▸ **WORK TASK**:
Beginning with the line containing "Pantalones deportivos para", write out each line exactly through the end of the listing, and skip all pictures.

▸ **SUPPLIED DATA**:
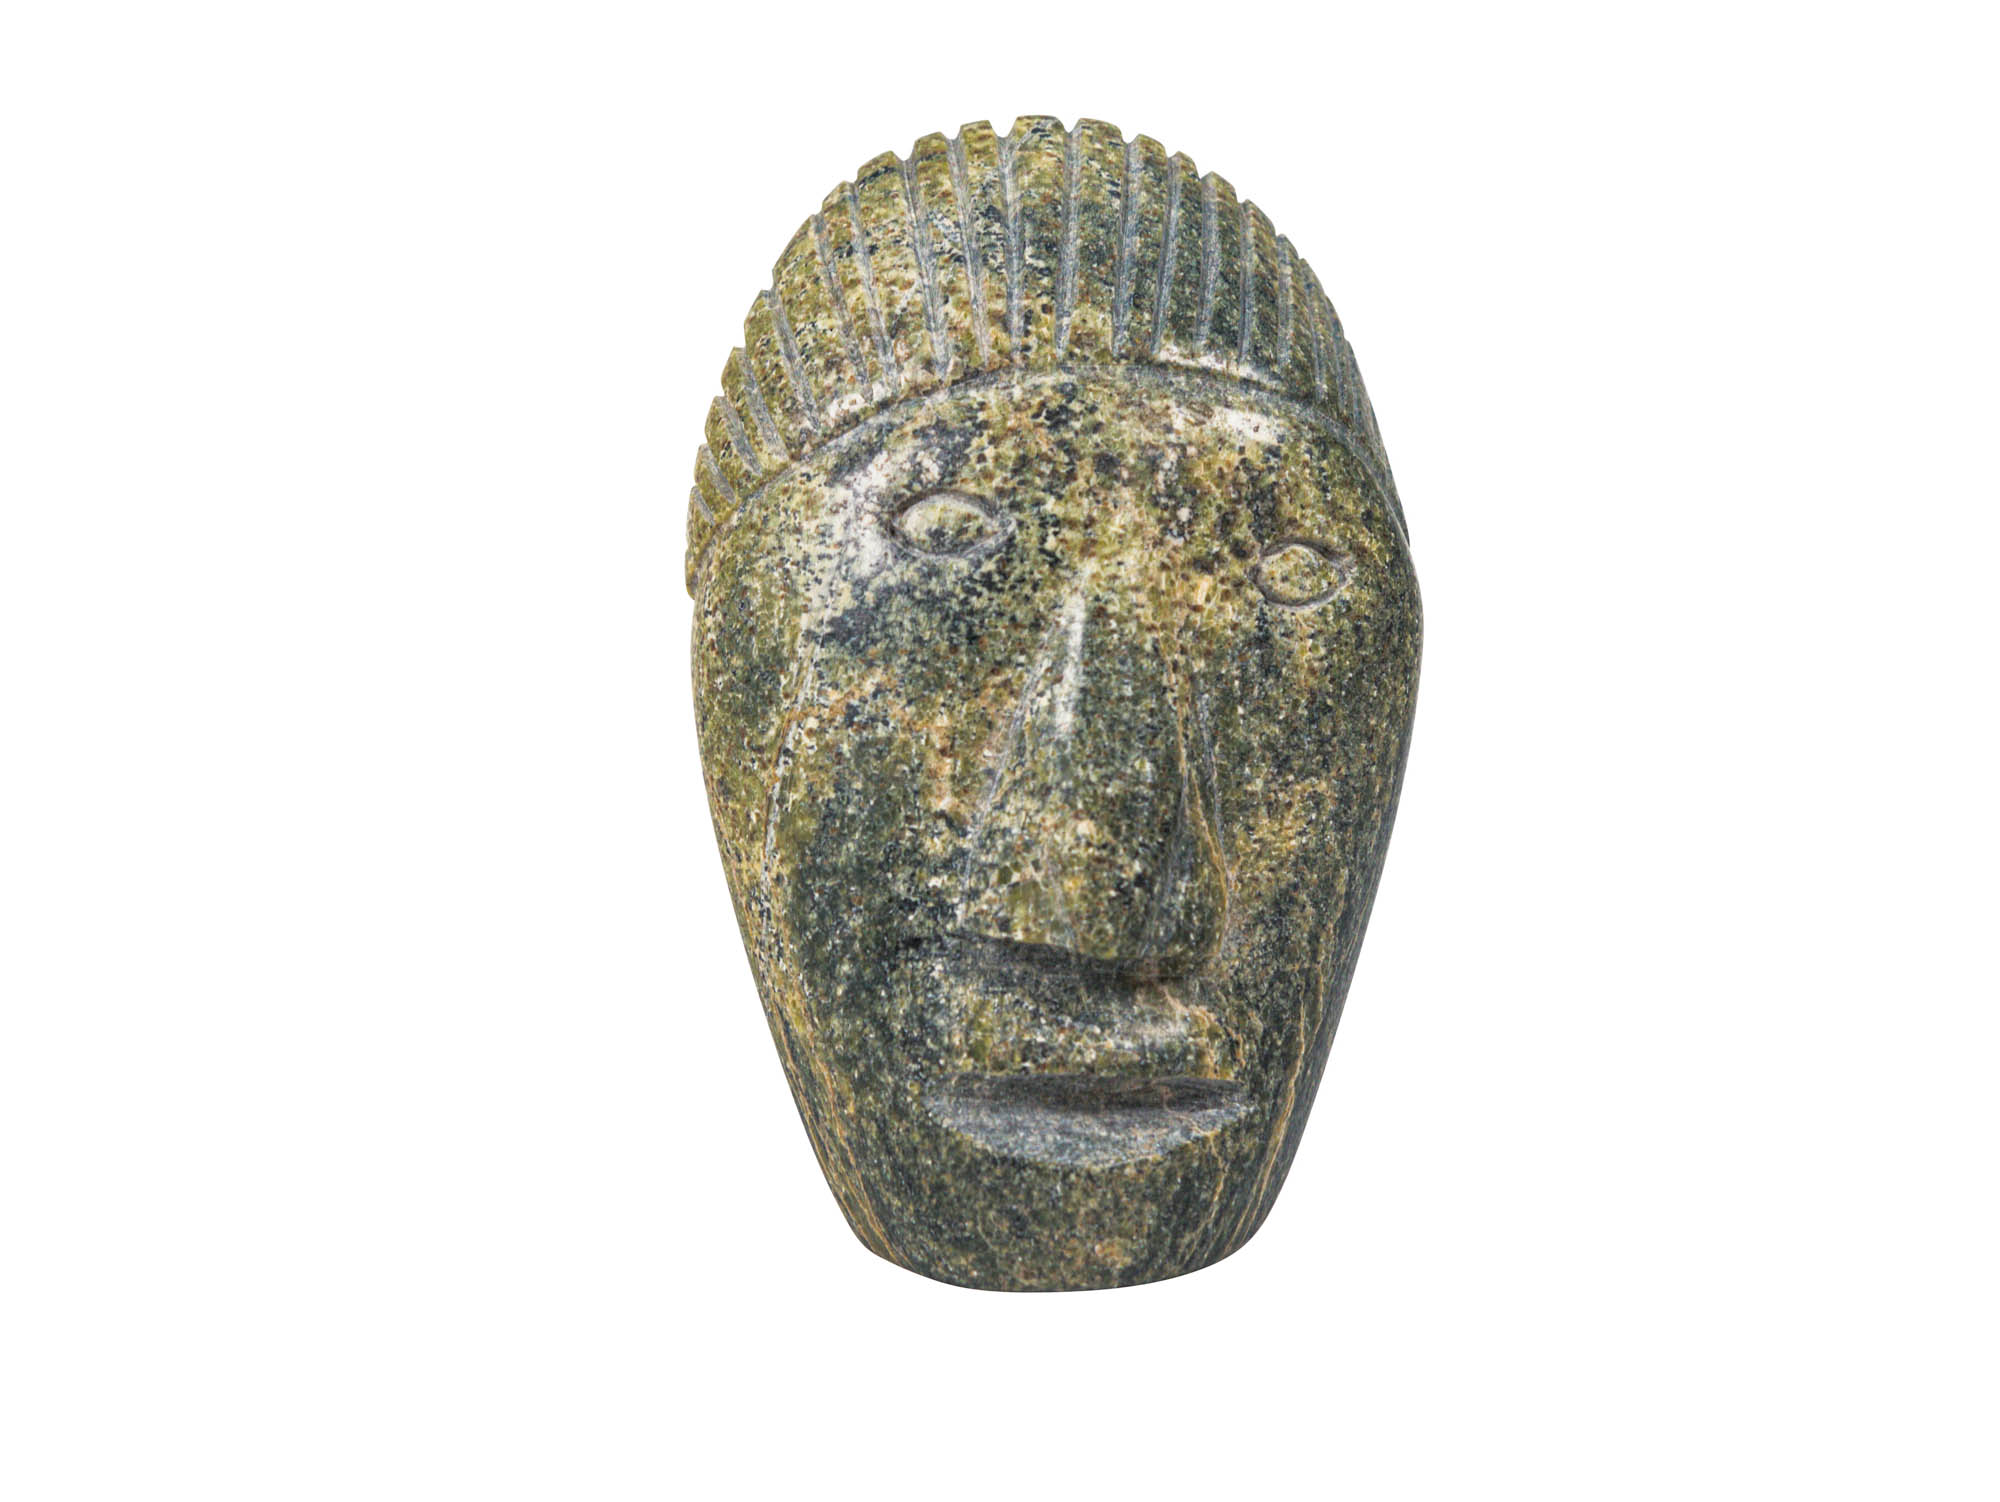 Inuit Soapstone Carving: Mask: Gallery Item - 44-G11 (10URM1)
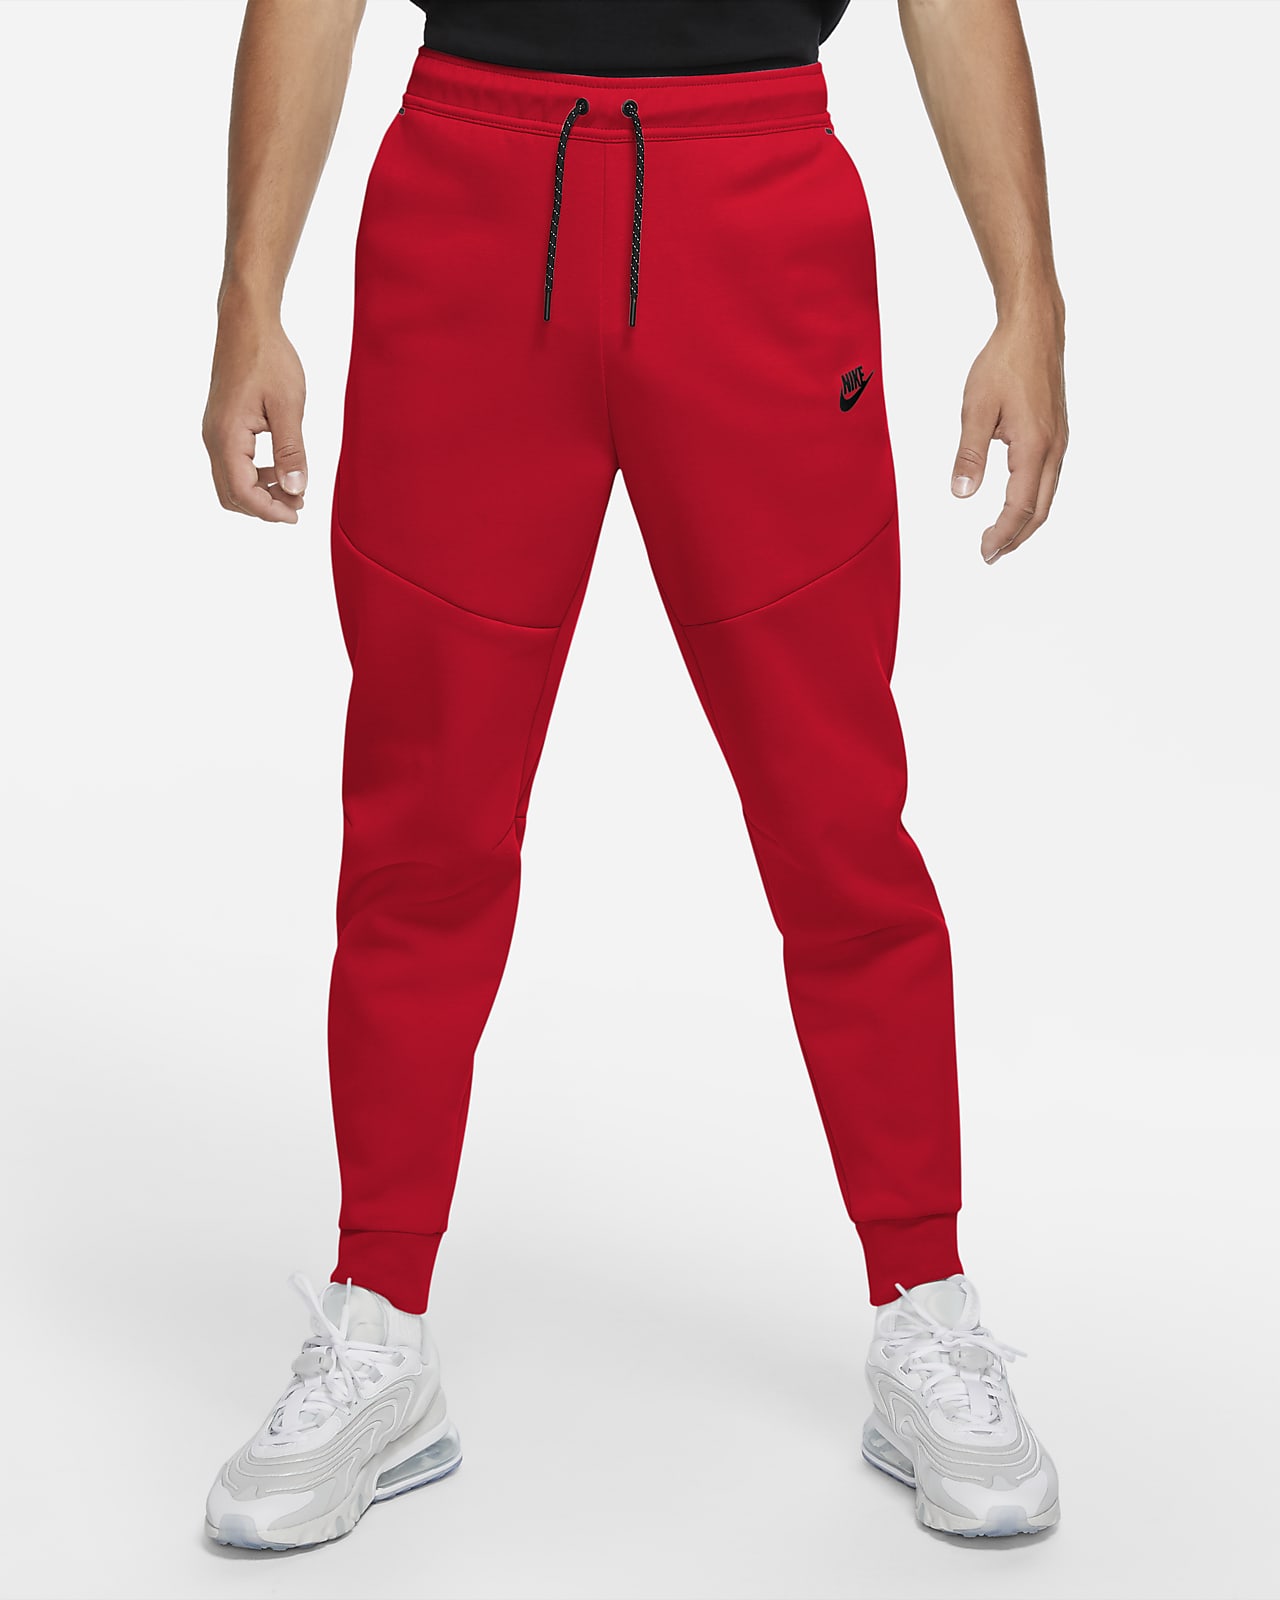 Pantalones deportivos para hombre Nike Sportswear Tech Fleece
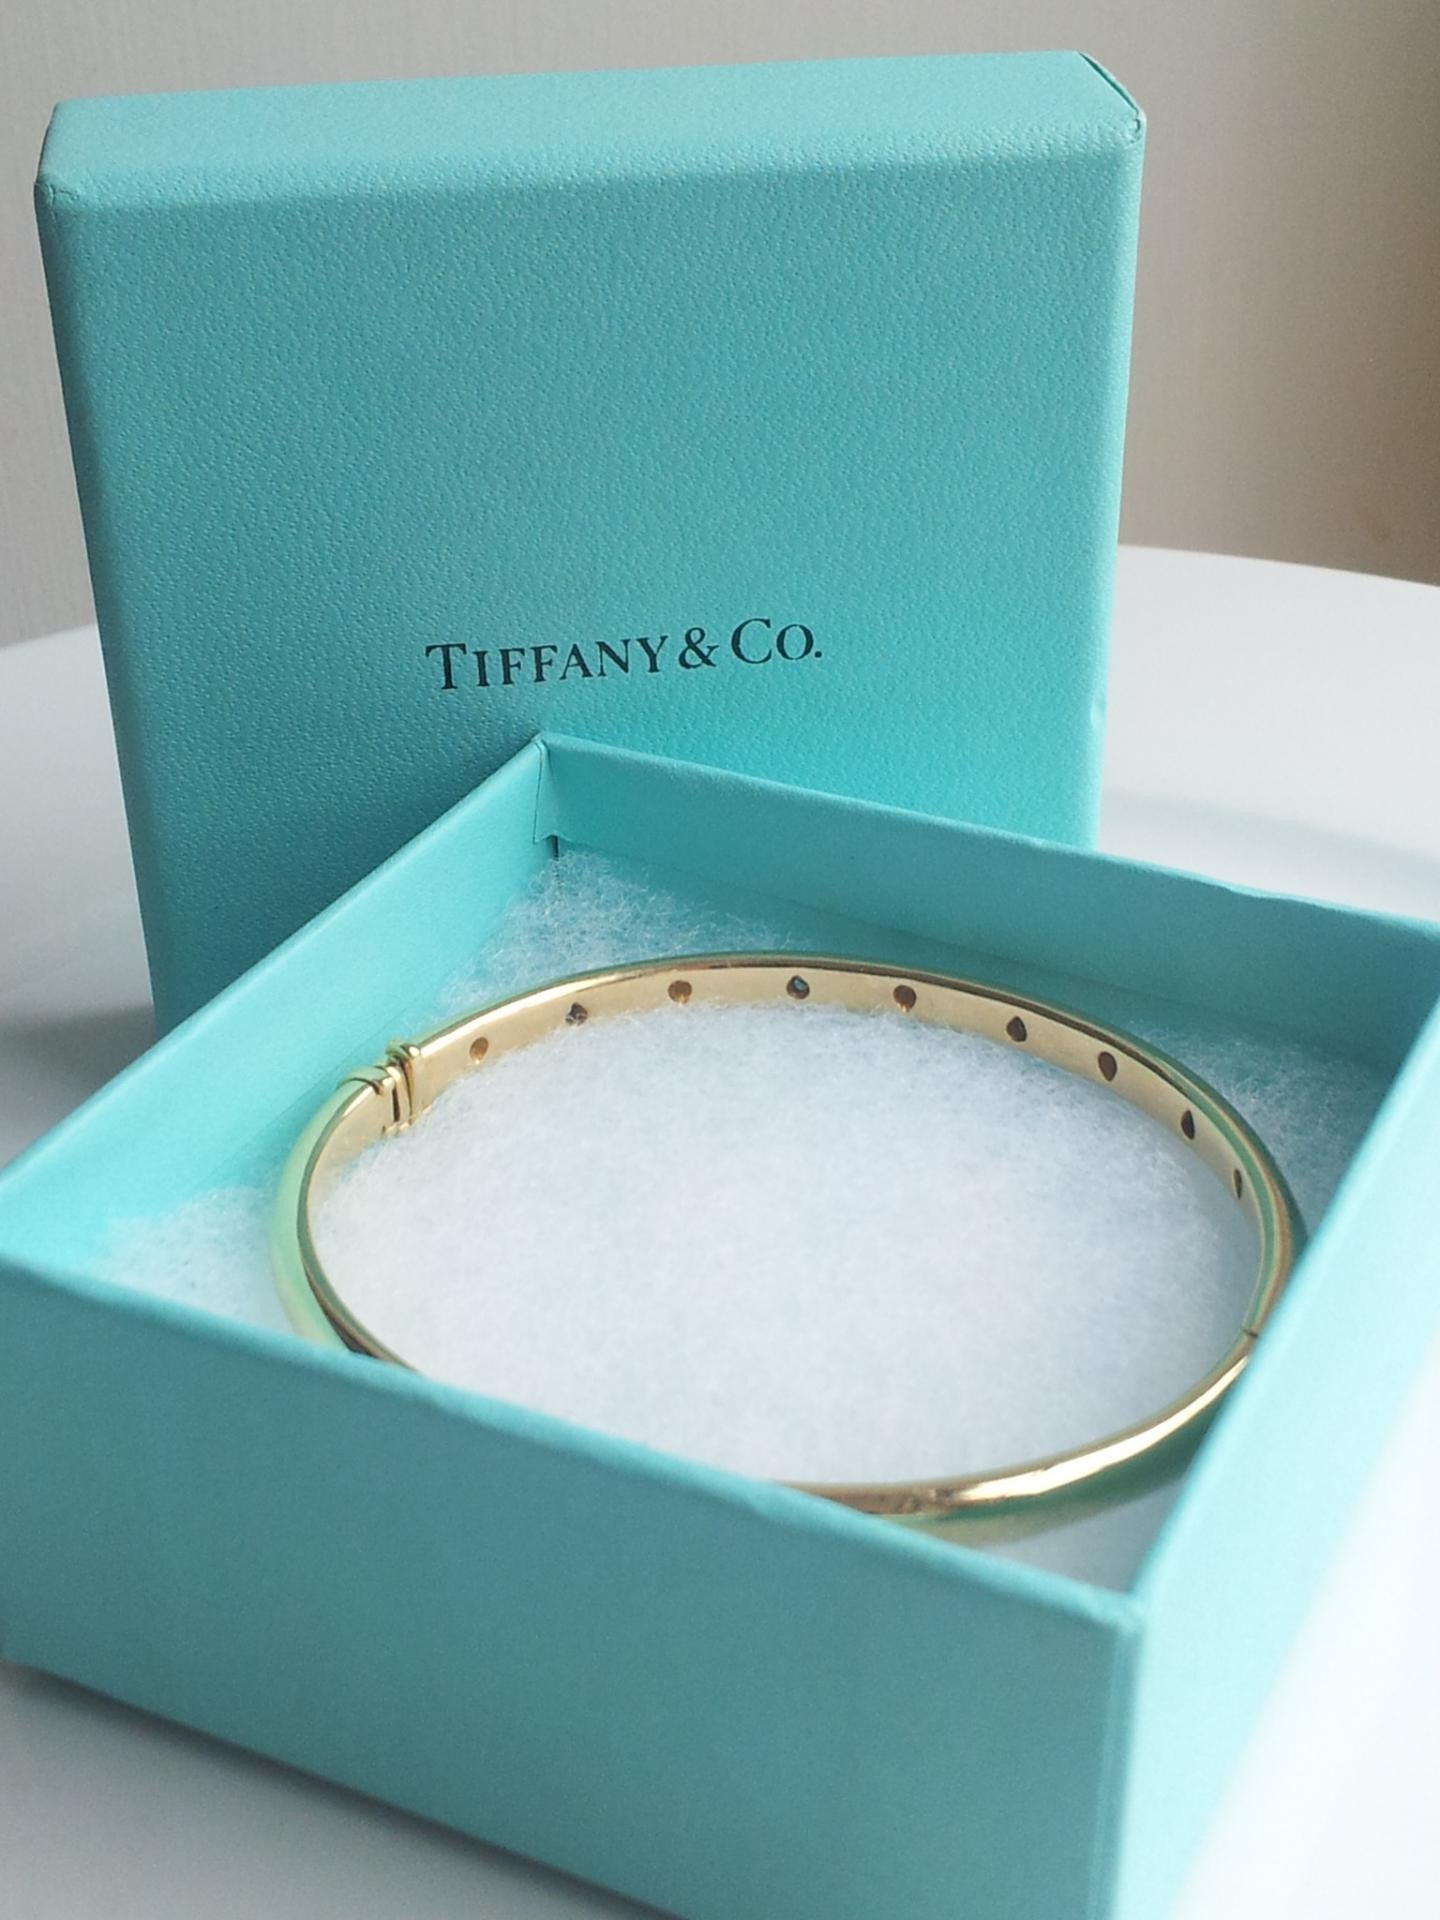 Tiffany & Co. 'Etoile' Diamond Bangle / Bracelet, in 18K Gold & Platinum
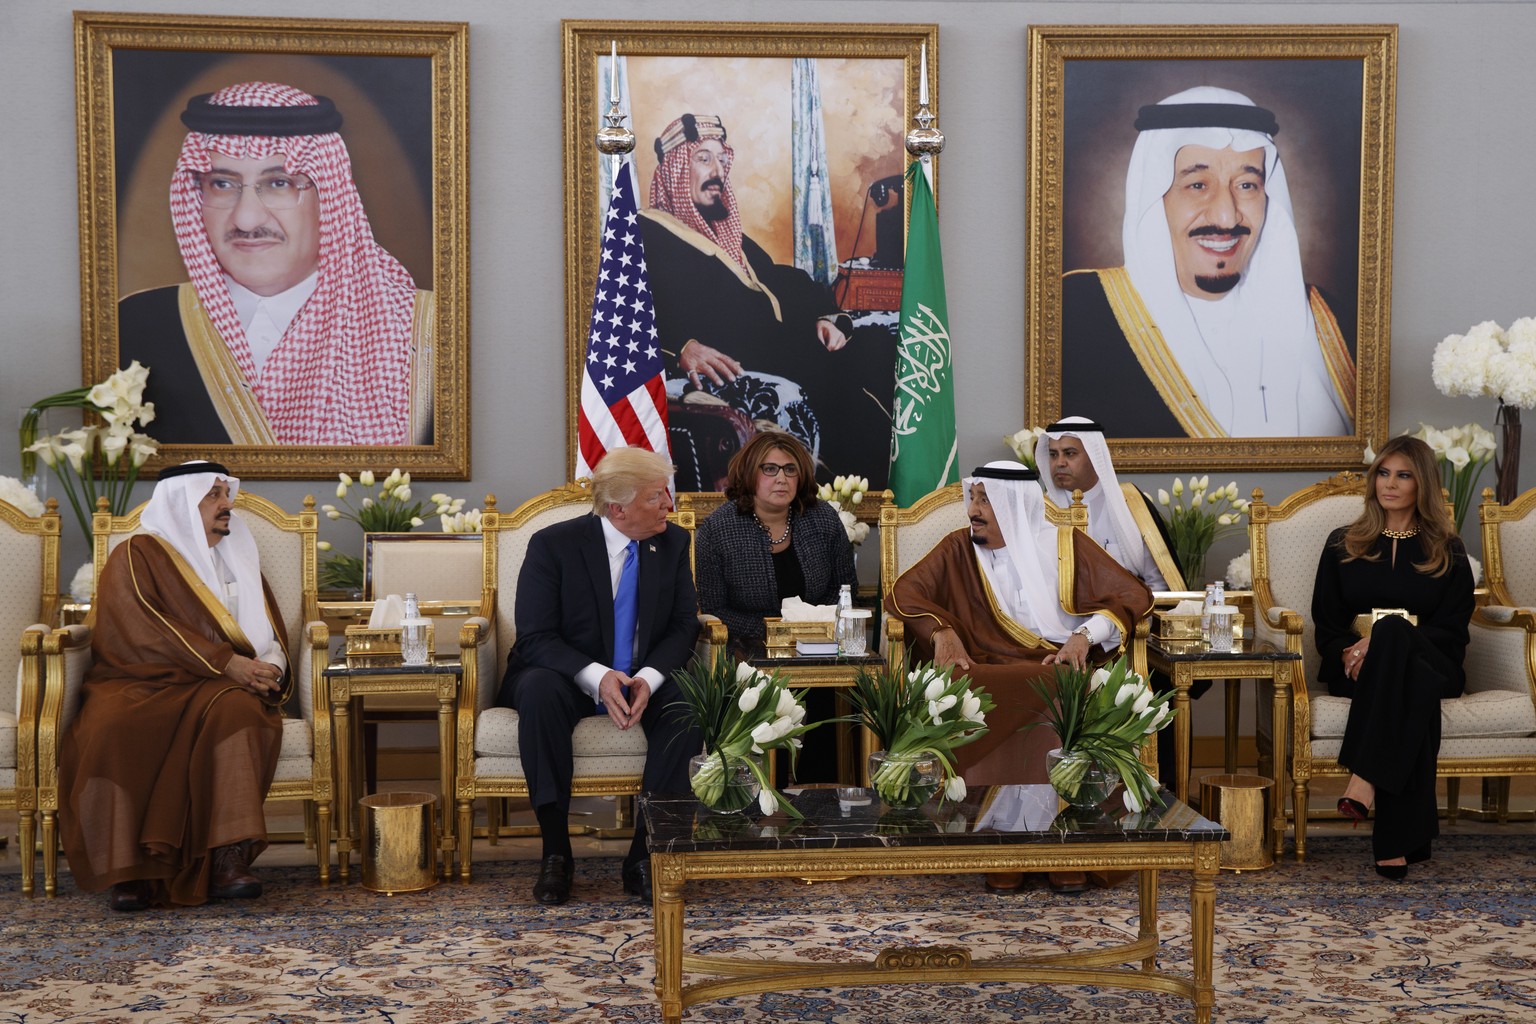 President Donald Trump meets with Saudi King Salman after a welcome ceremony at the Royal Terminal of King Khalid International Airport, Saturday, May 20, 2017, in Riyadh. (AP Photo/Evan Vucci)

▸ **EXERCISE OUTPUT**:
 Pantalones deportivos para hombre Nike Sportswear Tech Fleece
 Tiffany & Co. 'Etoile' Diamond Bangle / Bracelet, in 18K Gold & Platinum
 President Donald Trump meets with Saudi King Salman after a welcome ceremony at the Royal Terminal of King Khalid International Airport, Saturday, May 20, 2017, in Riyadh. (AP Photo/Evan Vucci)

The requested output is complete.